Friday, November 6, 2020

Let The Dead Vote!


Satire1, in response to the numerous accusations that the dead are deciding the current disputed election, has concluded that both the Lying Liberal Media and the Evidence Unburdened President have both ignored the voice of the American dead and has sought to correct this obvious injustice. 


In this pursuit Satire1 has spent the last three days contacting spirits, ghosts, mediums, gypsies and owners of analog television sets and landline telephones to get a sampling of the opinions and actions of the deceased during this election week. 
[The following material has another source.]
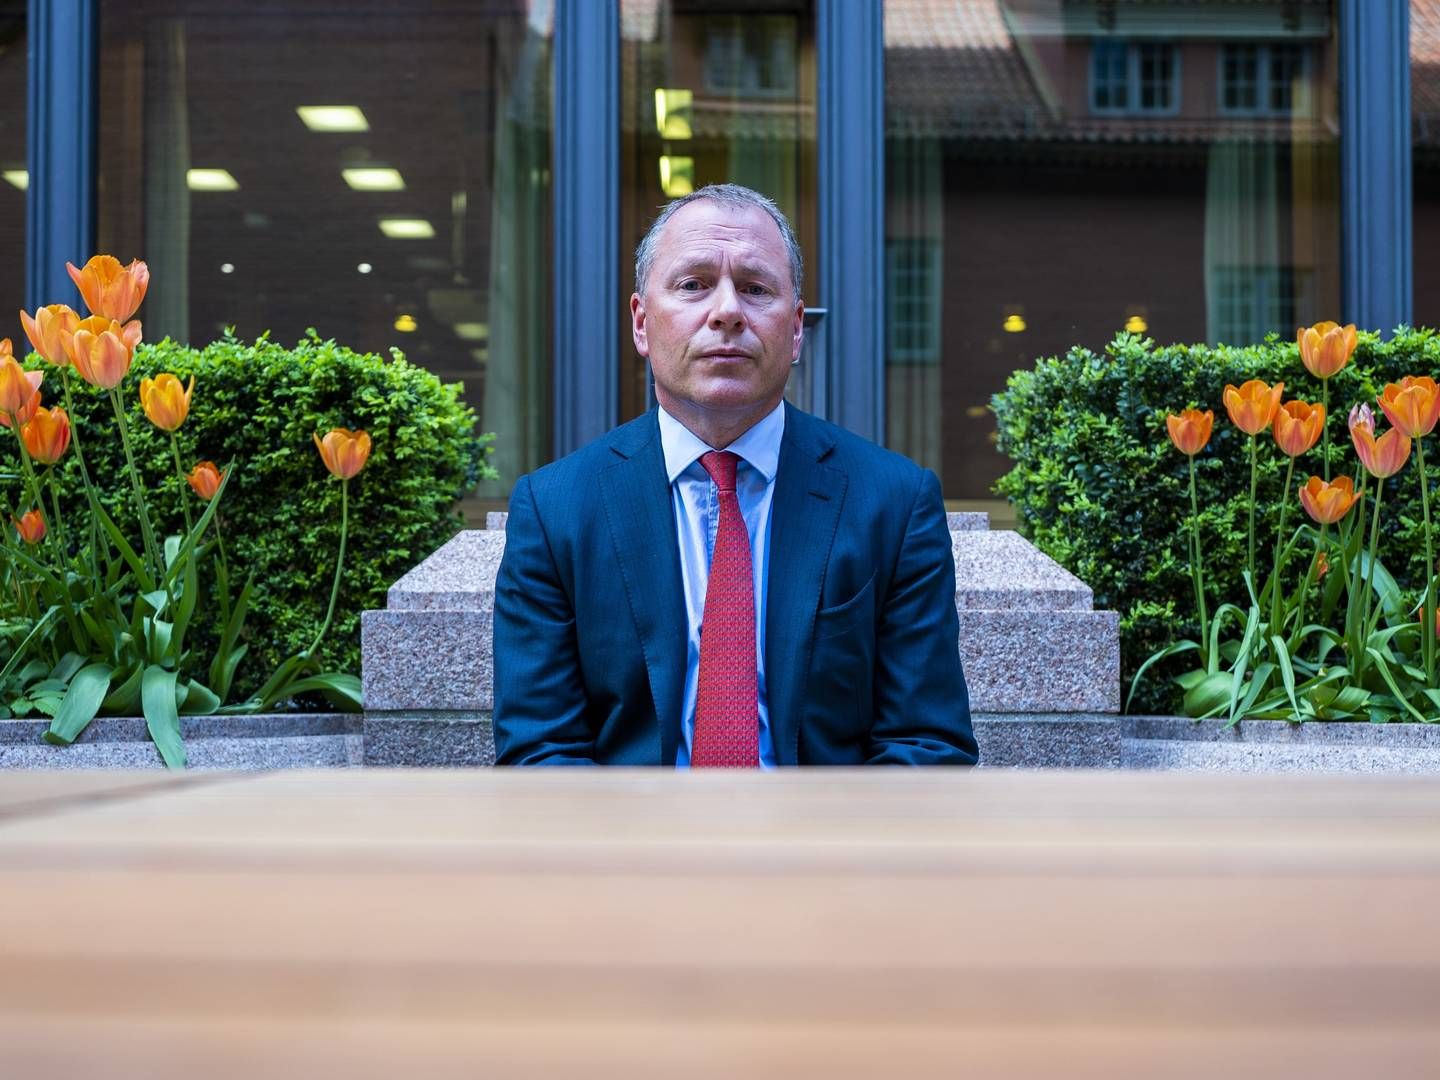 Påtroppende sjef i oljefondet Nicolai Tangen slipper inn som «ekstern gjest» i fondets kontorer fram til Stortinget har holdt sin høring om ansettelsen. | Foto: Håkon Mosvold Larsen/NTB Scanpix

Former Supreme Court Justice Scalia

“Ever since the passing of the generation of the Founding Fathers this country has been ruled by the dead. To this day we are guided solely by the unwritten intent of the writers of the Constitution. I, as a Original Intentionalist, was blessed with a gypsy maid who put me in regular contact with Al Hamilton and Jimmy Madison, the main authors of The Federalist Papers. Now that I’m also dead we all play golf together and never mention politics or law.”


Abraham Lincoln

“I voted in Illinois Tuesday where my spirit resides. I must say I gave quite a scare to the poor young poll workers who were kind and brave enough to fill in for the usual seniors leery of this new germ that’s been getting all the attention. The seniors never seemed to pay me any mind in the past. I’m just kind of a shadow that falls across their minds every time democracy gets dusted off again.”


George Washington

“I’ve voted in every presidential election in Virginia since we’ve had them. I practice every American’s right to write in my vote. I always put down NOT ME. Let some other chump have that office.”


 Carrie Nation

“I smashed more saloons in my time than probably almost anybody and in most states bars used to be closed on election days but after this week I think I need a drink.”


Hilary Clinton

“People continue to mistake me for being alive just because I’m still breathing but believe me no one is as dead as a frontrunner who loses an election.”


Mark Twain

 “Now why on earth can’t the dead vote in this election? Just take a look at the candidates. Both the Orange Bear and the Silver Fox look like they just got off of a drunk mortician’s table.”